In my work, I explore this co-existence of eastern and western influences. My images bear a slight resemblance to traditional Japanese Ukiyo-e prints (which were frequently decorative, brightly colored and featured highly stylized exaggerated and distorted figures) while also expressing contemporary aspects of the western world.
Although my artwork is mainly considered representational, I deal with more metaphorical aspects rather than realistic physical evidence. The human body along with other elements: fruit, vegetables, furniture, animals, etc. have been my most recent focus. The enigmatic figures I draw are reflections of such human conditions as: wry, satire, whimsy, irony, paradox or mismatch that happens often in people’s daily lives. My figures also employ a state of motion or movement suggesting an actor/actress who narrates a story in a play.
Most of my work is created by the intaglio printmaking process. This involves etching, drypoint, softground and roulette on a copper plate. I use a four-color printing process (black, yellow, red and blue in order) on a thin Japanese Kozo (Mulberry) paper. As in the French use of technique of “Chine Colle”, I apply glue to the back of the completed work and pass it through the press with a heavier rag paper beneath.
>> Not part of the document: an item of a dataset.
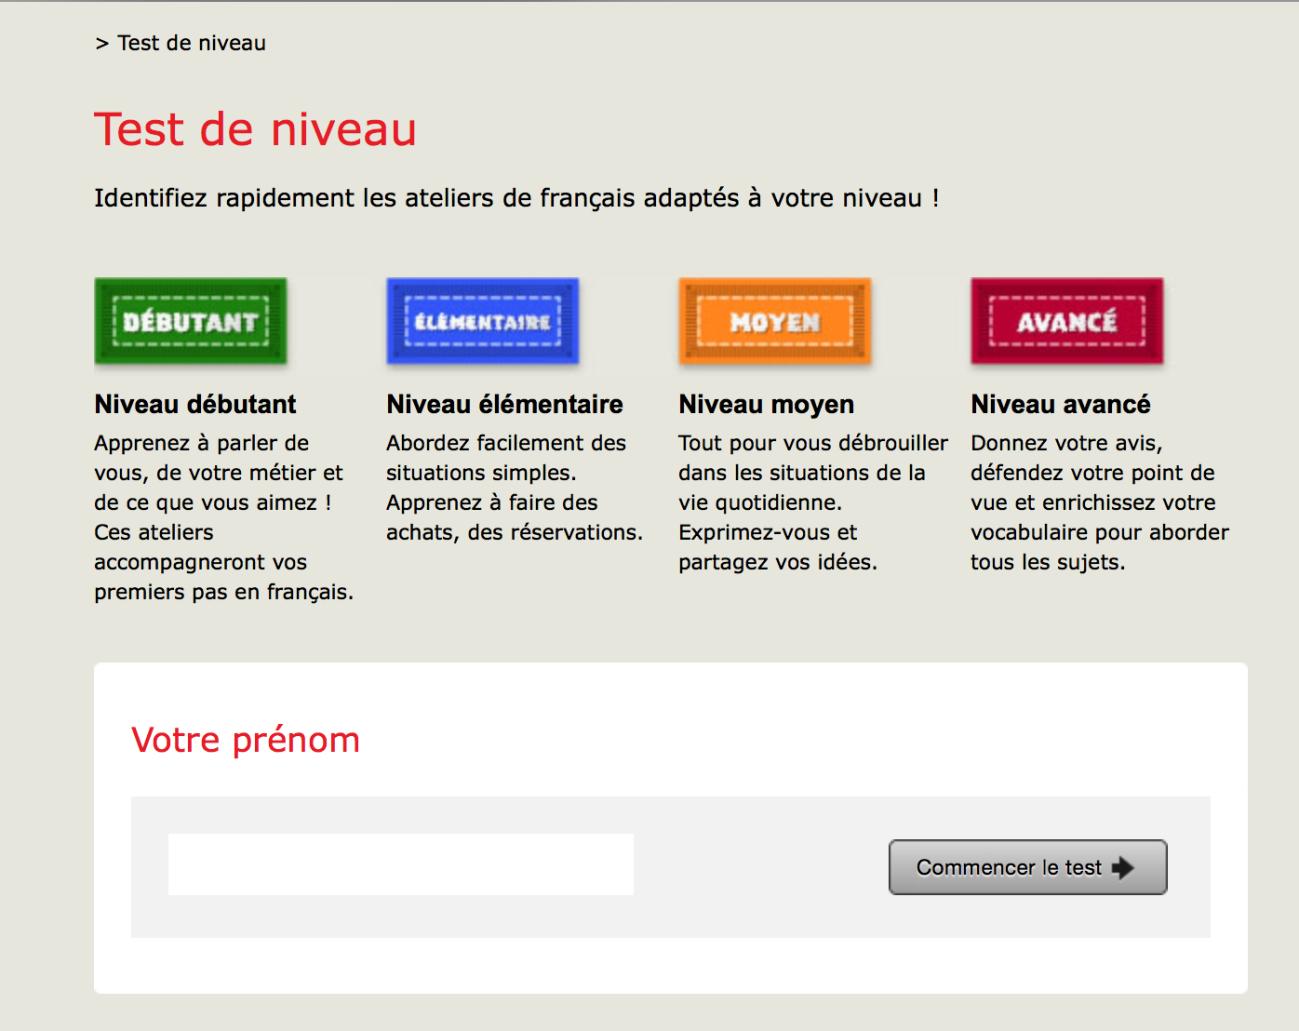 test de niveau de français tv5 monde.png

There are small transitions in my work from time to time, and my interest is always based on the unpredictable texture that is printed from the etched surface of the copper plate. My prints explore the complex relationship of paper, ink and etched plates to describe my thoughts, as well as the relationship which occurs between figures and space to express other human experiences. I try to always investigate the maximum potential available to me as a printmaker.